# What constitutes vintage around here ?



## Bubb (Jan 16, 2008)

I don't have anything really old,but I do have an early 70's SG II that I have set up for slide(due to the fact the frets are worn to the 'board).


----------



## Bubb (Jan 16, 2008)

I also have a LP copy that was made in '78/79 in the Matsumoku factory.


----------



## Bubb (Jan 16, 2008)

And my Asat turns 20 this year.


----------



## Kenmac (Jan 24, 2007)

Nice guitars Bubb. Is the 78-79 LP copy a Tokai or some other Japanese brand?


----------



## al3d (Oct 3, 2007)

Technicaly, when an instrument turns 20, it's starting it's life as a vintage instrument i've read. now if you bought a 99$ peice of wood with strings in 1988, naturally that does'nt make it a Vintage guitar..


----------



## jimmy c g (Jan 1, 2008)

to some Vintage would be more specific than age alone.Certain years being finer than others that are older but of less desirabilty due to quality.Some like Gearge Gruhn in particular make this point.I guess my 79 Les Paul is an old guitar but perhaps not vintage.Maybe a 1919 Gibson L1 is an old guitar where a 1924 L 5 is a vintage guitar,i am 52 and not vintage.I think it dont matter really cause Im sure whatever we call it older THINGS have a vibe and mystery thats appealing no matter what term describes them and terms are just words.


----------



## Bubb (Jan 16, 2008)

Kenmac said:


> Nice guitars Bubb. Is the 78-79 LP copy a Tokai or some other Japanese brand?

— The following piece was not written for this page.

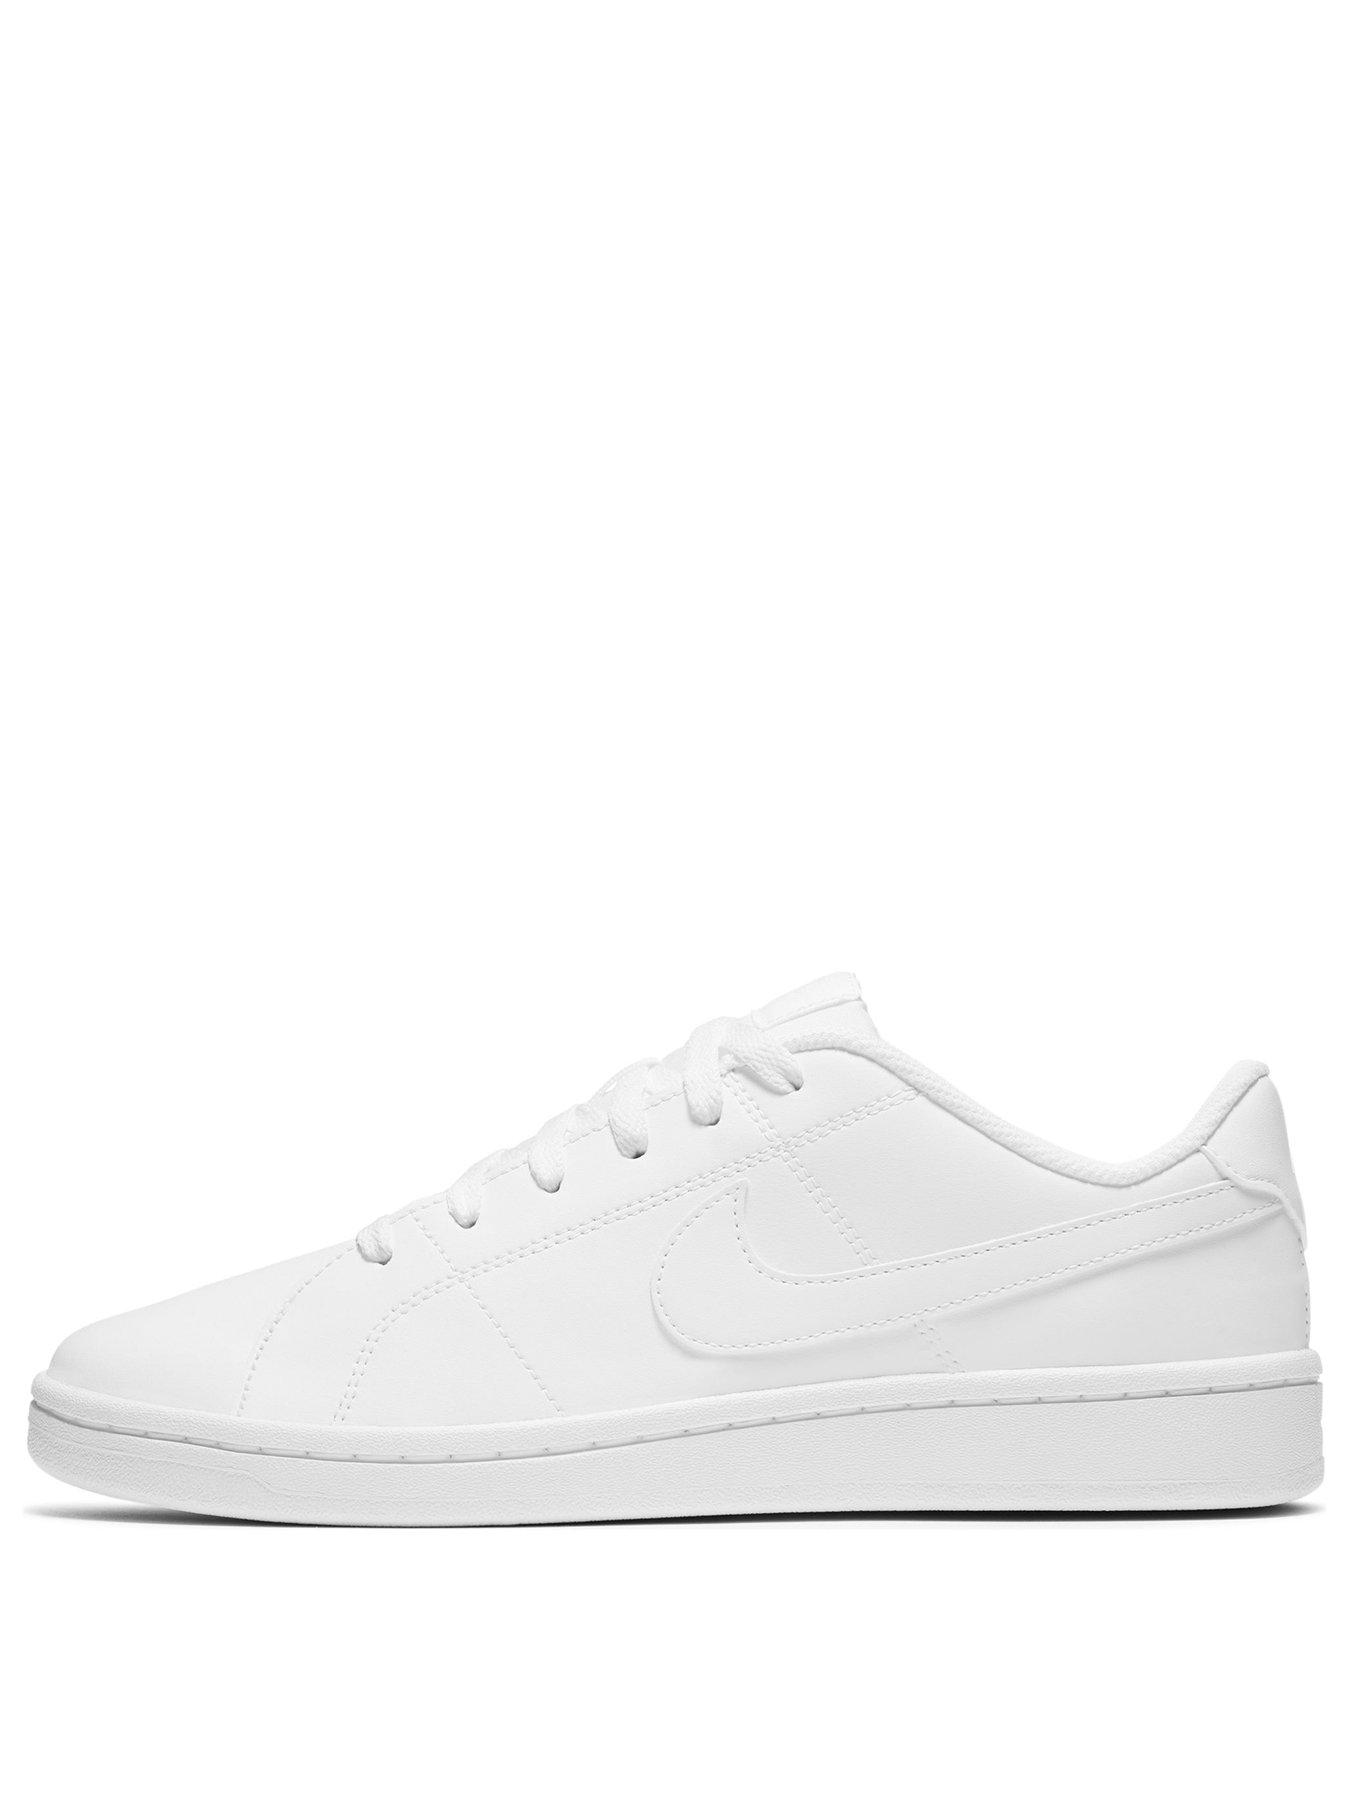 court royale trainers mens

It's a Cutler,basically an Aria ,I bought it new back then,my first decent guitar.


----------



## dwagar (Mar 6, 2006)

'vintage' is a buzz word that means different things to different people and different years to different types of instruments.

With Les Pauls it generally refers to the '60 and older (and rare '61 Customs)

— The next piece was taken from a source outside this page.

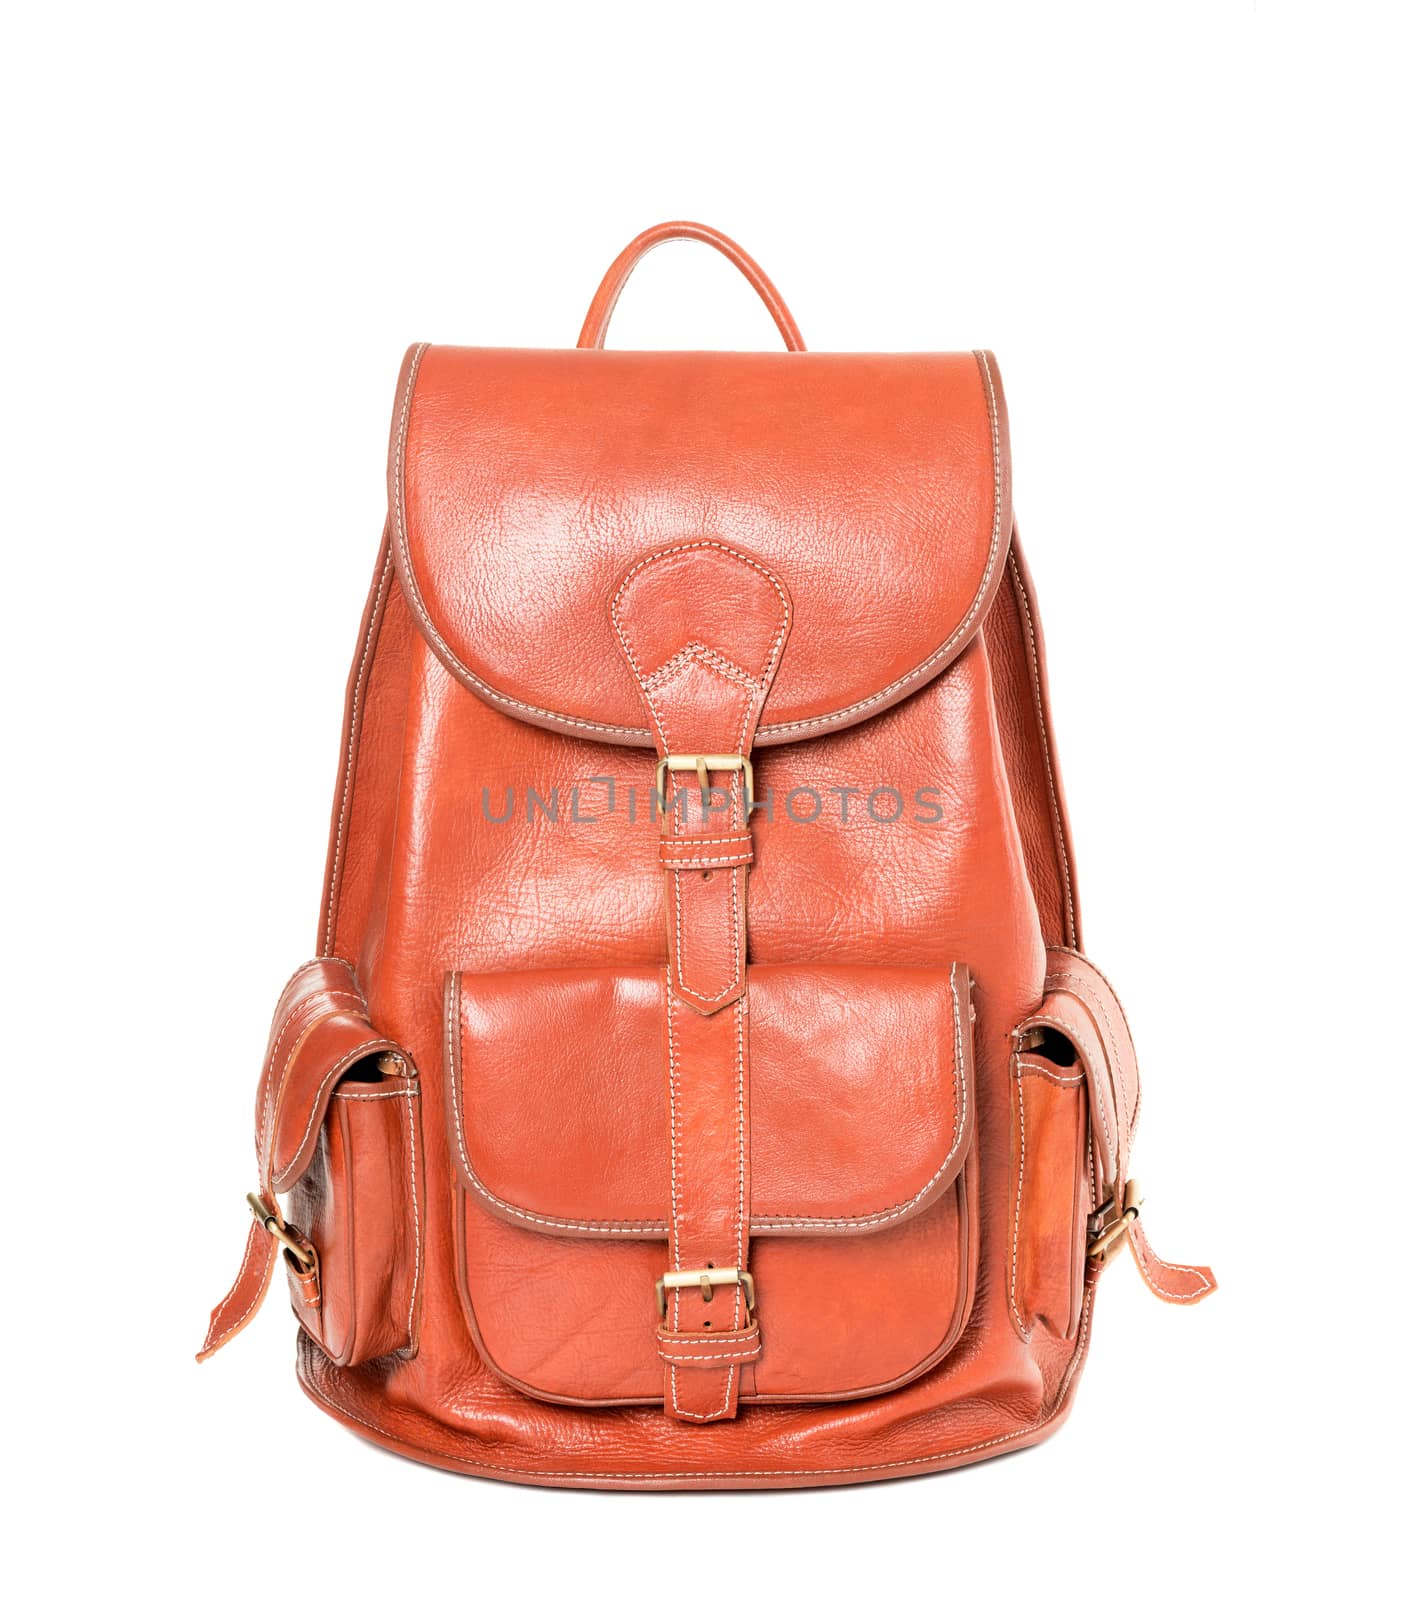 Leather backpack standing isolated on white orange color by Nanisimova

Other Gibsons it generally refers to pre-'65 - many changes happened in '65

However, the prices on the '70s Gibbys have been rising steadily, so they are probably close to earning the term. There's probably going to be a cut at the '75 change from mahogany to maple necks, neck tenon changes, etc. Lots of stuff was happening thoughout the '70s.


----------



## faracaster (Mar 9, 2006)

Bubb said:


> And my Asat turns 20 this year.


Geez I used to have an 88' ASAT like that execpt with a maple board. It was great....heavy...... but great sounding and playing. I actually had an engineer tell me one time it was the most even sounding guitar he had ever recorded. 
Good one.

cheers
Pete


----------



## Milkman (Feb 2, 2006)

Vintage means different things to different people aparently.

What was junk when it was originally made can become collectable 20 years later.

Collectors have a different value system than I do.


----------



## pirateflynn (Nov 27, 2006)

How about 1977 ?

As soon as I learn how to post a pic .. I'll show you guys! lol


----------



## jmaysen (Mar 10, 2008)

For me it's simple, anything made before 1985 gets the vintage moniker. But the truly vintage stuff, the stuff that dreams are made of, is before 1965.


----------



## zontar (Oct 25, 2007)

85 seems way too recent to be vintage--at least to me.
To me vintage has to be at least 30 if not 40 years old.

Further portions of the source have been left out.